Genomics began with the goal of sequencing entire genomes. To accomplish this task, two different sequencing approaches were developed. These methods can be thought of in the following way: Imagine that you have the complete works of an author, written in a language that you studied in school, but never became fluent in. Moreover, the books are in such bad shape that if you open them, they disintegrate. You have two alternatives. You can remove one page at a time, preserve it and decipher it. Or you can open all the books at once and then pick up the fragments of paper and use the words on them to figure out how they fit together. The page-by-page approach to sequencing the human genome was used by the public genome-sequencing consortium. This group first figured out how all the pages fit together and then deciphered all the words on each page. Finally, it assembled the pages back together to produce the whole genome. The advantage of this approach is that it is very precise. The disadvantage is that it takes a long time. The biotechnology company Celera used the other method, called whole genome shotgun sequencing, in its competing effort to sequence the human genome. This method is equivalent to figuring out what s written on all the fragments of paper from all of the volumes and then figuring out how they piece together. To do this procedure effectively requires starting with several copies of each volume so that overlaps among the fragments can be found. The number of original copies is referred to as coverage. To produce a high-quality sequence by this method usually requires eight- to tenfold coverage. The disadvantage of this method is that you rarely get the whole sequence to line up. The advantage is that the portion of the sequence that does line up is acquired much more rapidly than via the pageby-page method. 15!

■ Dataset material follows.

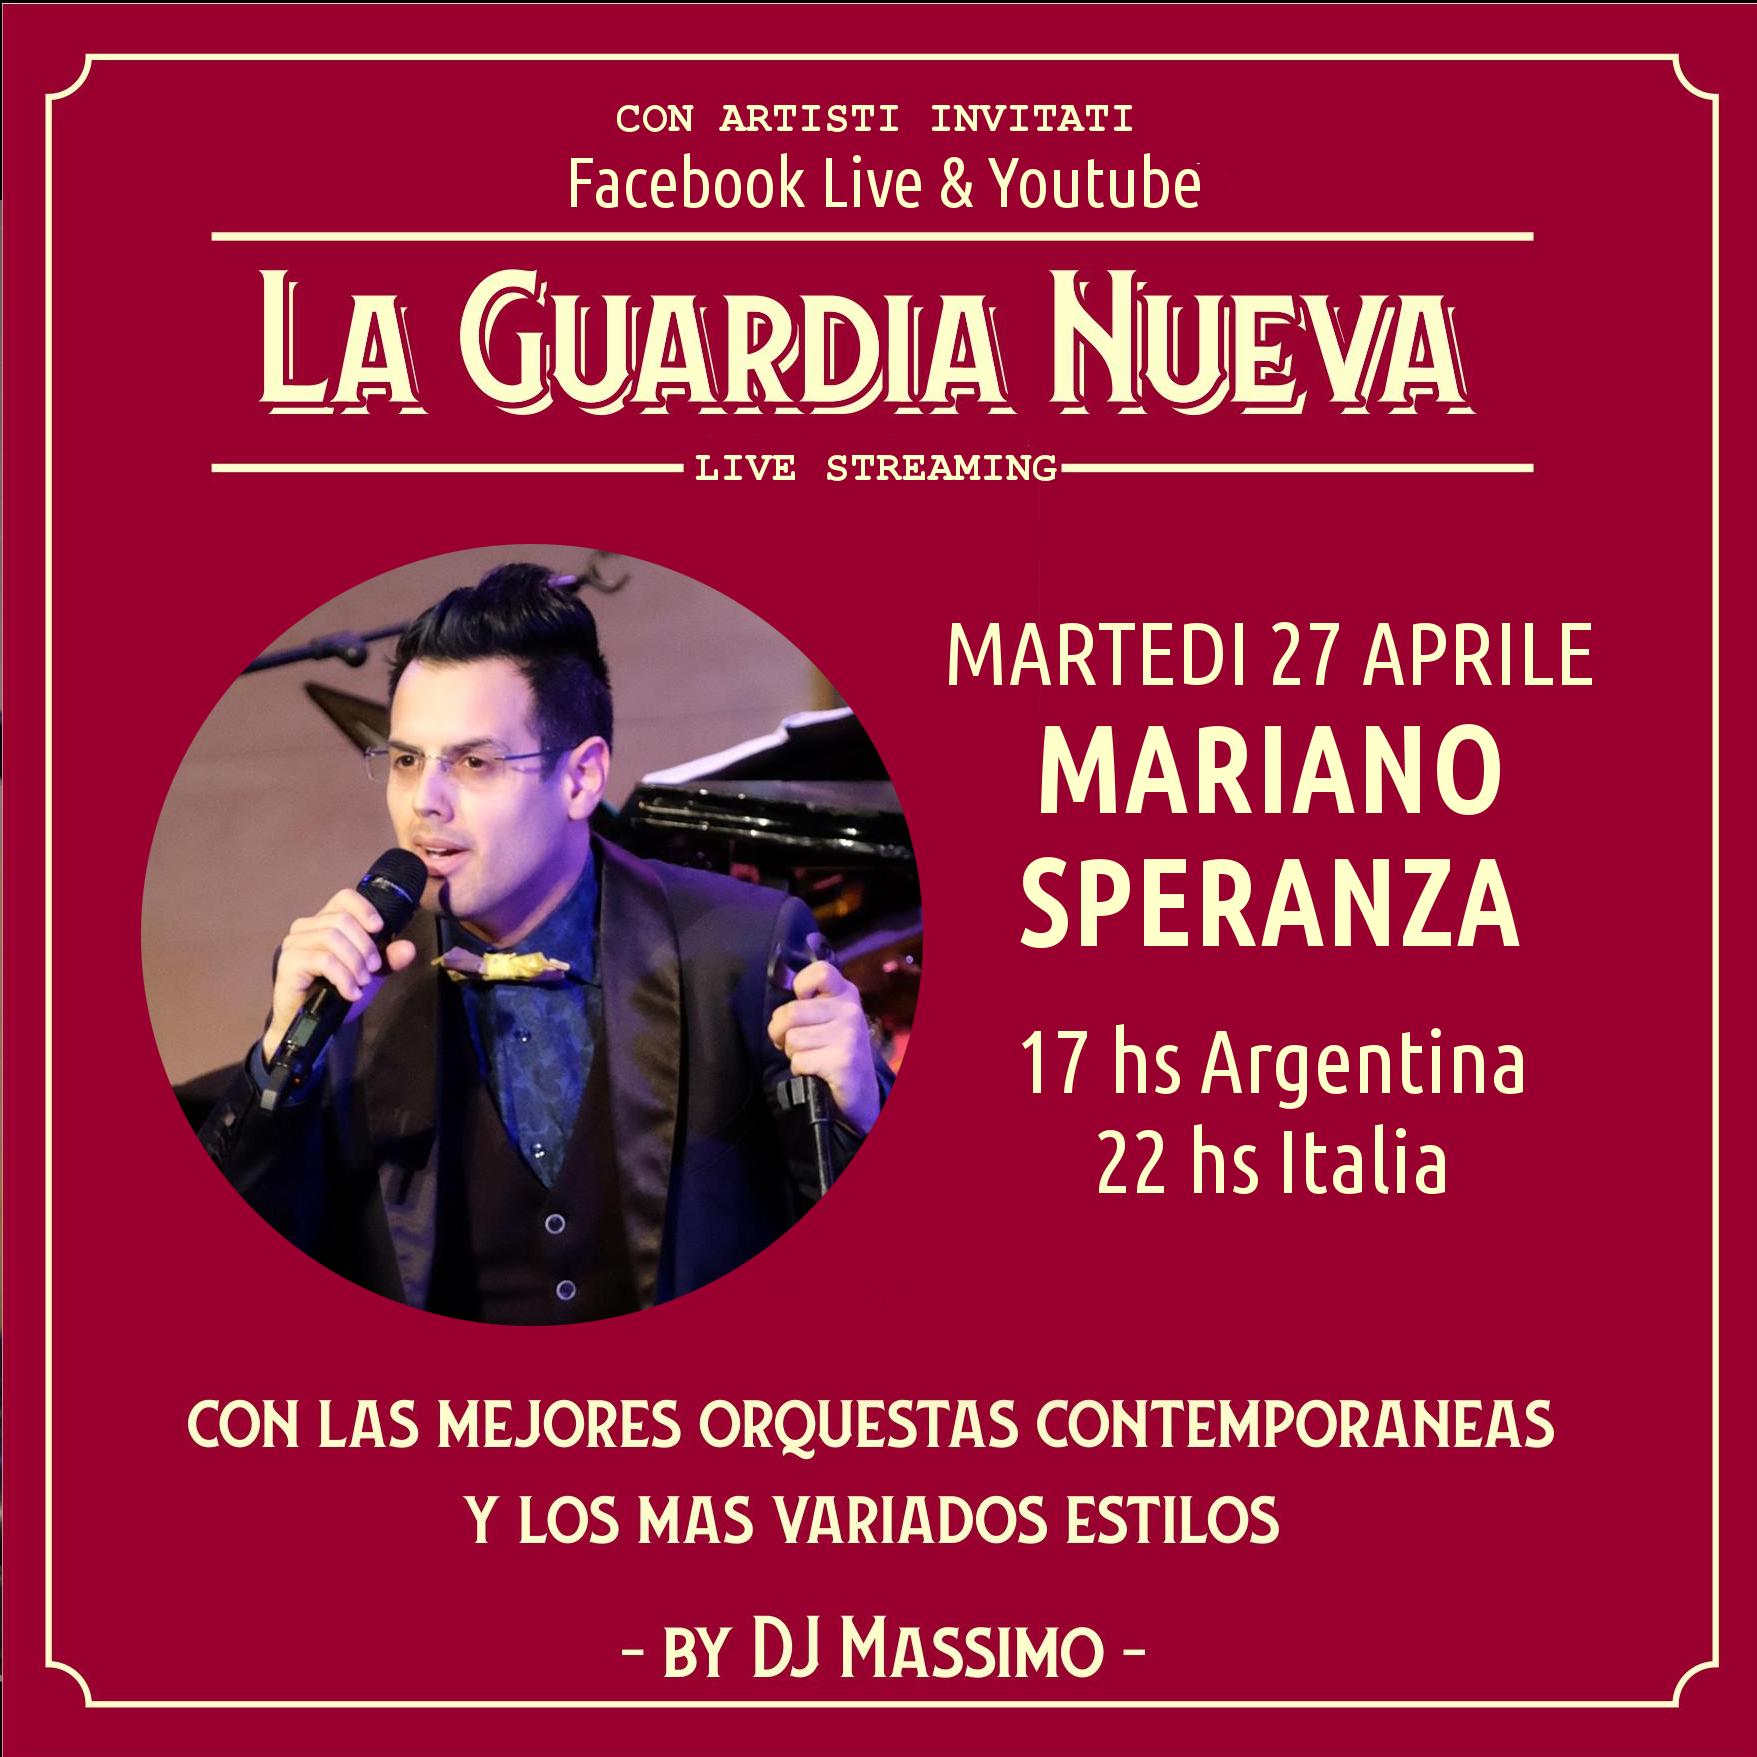 la guardia nueva tango del siglo xxi Martes 27 Abril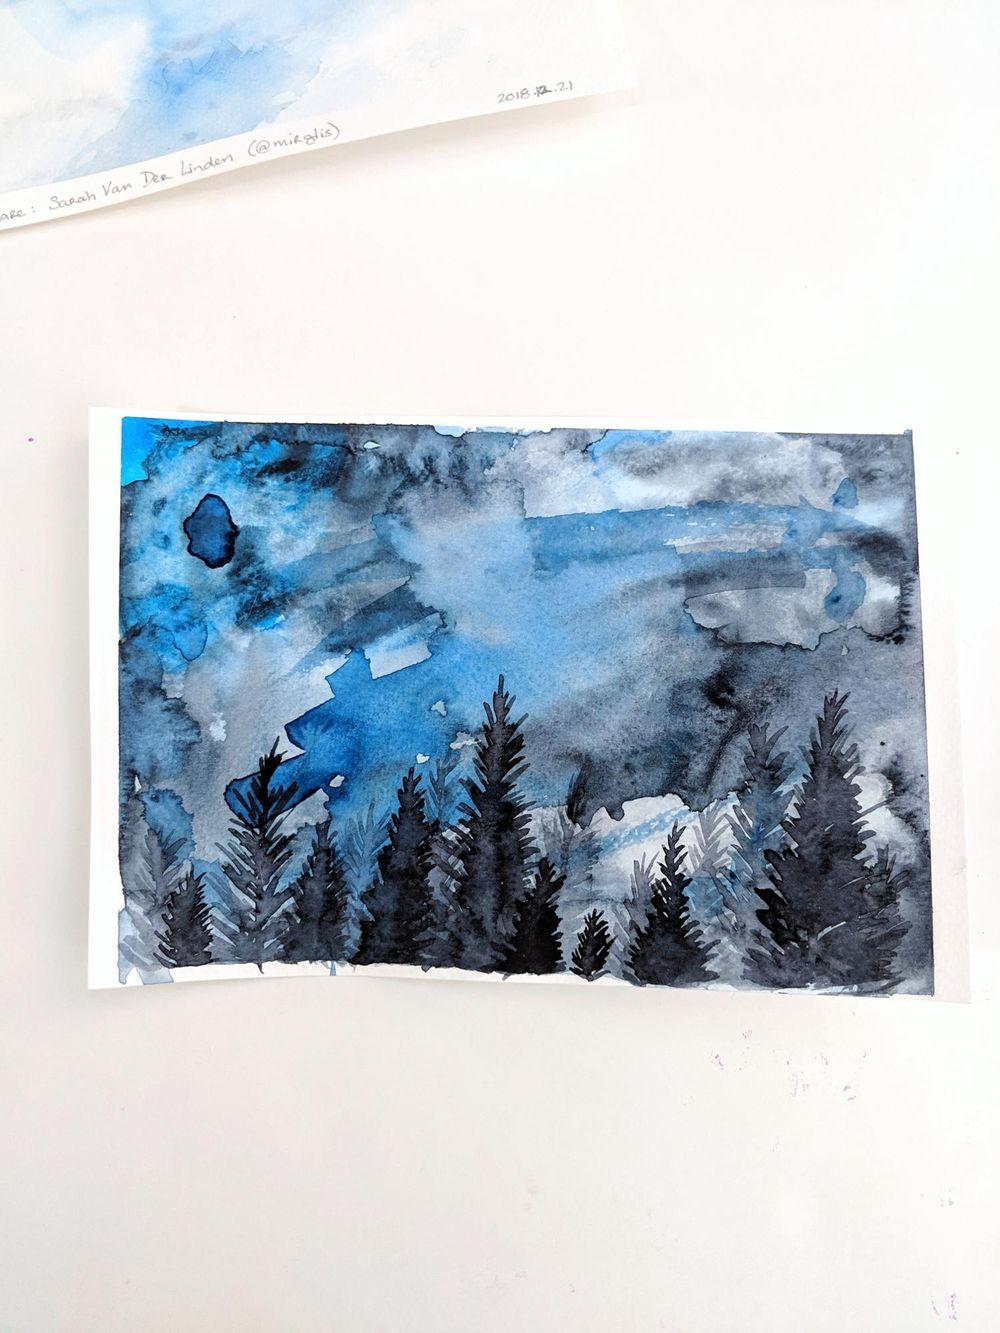 Ciels avec Sarah - image 1 - student project

Proteins can be identified in simple mixtures by digesting them with an enzyme and then measuring the masses of the peptides formed. The set of masses is called the peptide fingerprint. A database is made containing all the proteins in the species genome and the masses of all the peptides from each protein produced by a certain enzyme are calculated. Thus each protein has a theoretical peptide fingerprint. The experimental fingerprint is then compared to all the theoretical fingerprints and the best match is calculated. This should be the correct identity of the unknown protein. 16!
Fingerprints are generated by using specific proteases. These are ones that cut after known amino-acids and hence one can predict theoretically which peptides will be formed.trypsin is the most commonly used protease in proteomics studies since it cuts after arginine and lysine and on average generates peptides that are around 12 amino acids long on average. This is ideal for ESI MS/MS analysis. 17!
A specific enzyme, here trypsin, is used to cut the protein into peptides. Trypsin cuts after arginine (R) and lysine (K) and the masses of the peptides can then be calculated. The experimentally determined masses are then searched against the theoretical masses in the fingerprint database to try and find the best match between the two sets of masses. The result of the search is returned as a list of matches according a probability of this not occuring at random. 18!
Here the output results from database search using the popular Mascot program are shown. A graph is shown to aid visualization. The green box indicates an area where the probability of a hit being correct is less than the significance threshold set, usually 0.05. The red bars outside the box indicate proteins that are likely hits. 19!
The first time a peptide match to a query (one spectrum) appears in the report, it is shown in bold face. Whenever the top ranking peptide match appears, it is shown in red. This means that protein hits with peptide matches that are both bold and red are the most likely assignments. These hits represent the highest scoring protein that contains one or more top ranking peptide matches. 20!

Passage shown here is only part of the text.